I spoke with BNNBloomberg today about the outlook for the global economy and the Canadian dollar. I talked about the brewing stormclouds and what the FOMC decision on September 21, 2022 is so pivotal. More details are below.
CAD at 22-month low
There are two main drivers for the Canadian dollar, the domestic economy and the global economy.
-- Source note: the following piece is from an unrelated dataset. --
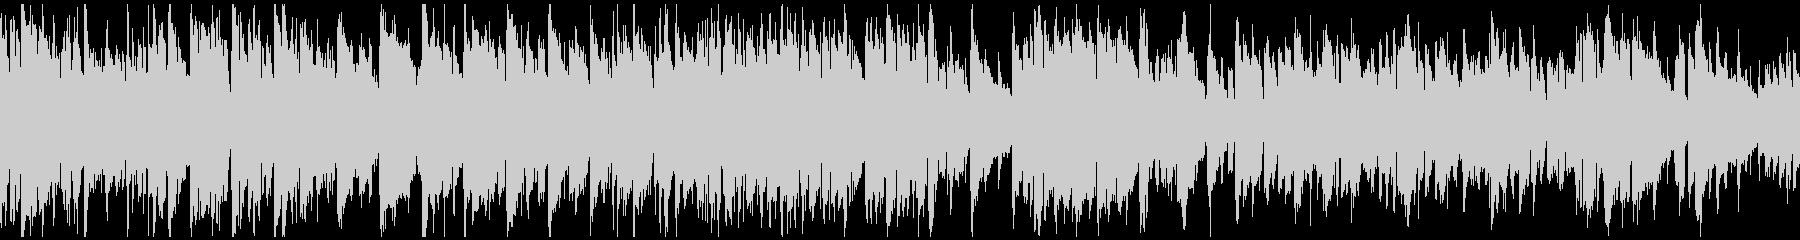 スマートな現代的ジャズ ※ループ仕様版の未再生の波形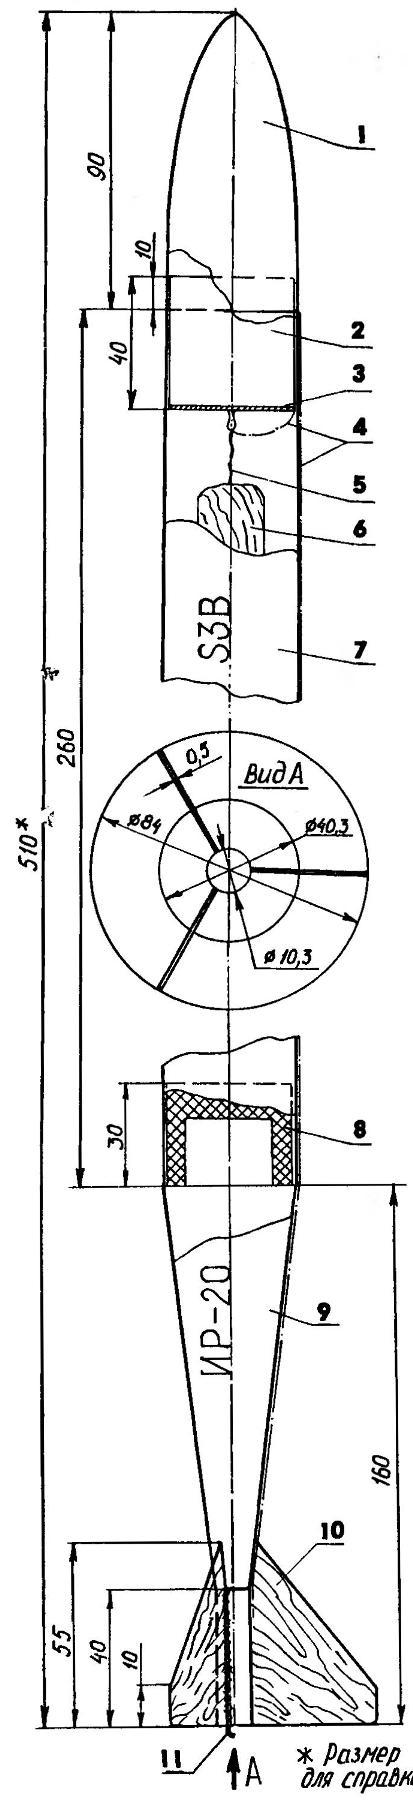 Модель ракеты класса S3B чемпиона России 2002 г. И.Репина (г.Урай)

Domestically, there’s some softness creeping in. The past two jobs reports have been soft
A month ago, the market was saying US and Canadian rate hikes would stop at about 4%. Now that’s pressing higher in the US but it’s not clear that Canada can or should follow. There’s a potential gap opening up there and that’s why the loonie is at the lowest since November 2020.
On CPI today
Today: Canada August CPI 7.0% y/y vs 7.3% expected
Some space is opening up between the Fed and the BOC. The Bank of Canada is near its ceiling while there’s still some blue sky for the Fed. Whereas before both could have been seen stopping, we’re now getting the risk of +4.5% from the Fed and the BOC capped at 4%. Moreover, if a global recession hits, Canadian housing continues to fall and commodity prices fall, the BOC could be cutting in short order while the Fed has more of a buffer.
The problem is a falling loonie could cause a feedback loop in inflation.
Deterioration in the global economy
There’s a growing consensus that commodities will be in short supply this decade and that makes Canada the place to be. Over the next year though, that’s not the case. Europe and China are already struggling. North America is slowing down but central banks everywhere are raising rates at an unprecedented pace. There’s a real chance of a policy mistake and recession. Canadian employment has sagged, US retail sales and factory data lately has been soft.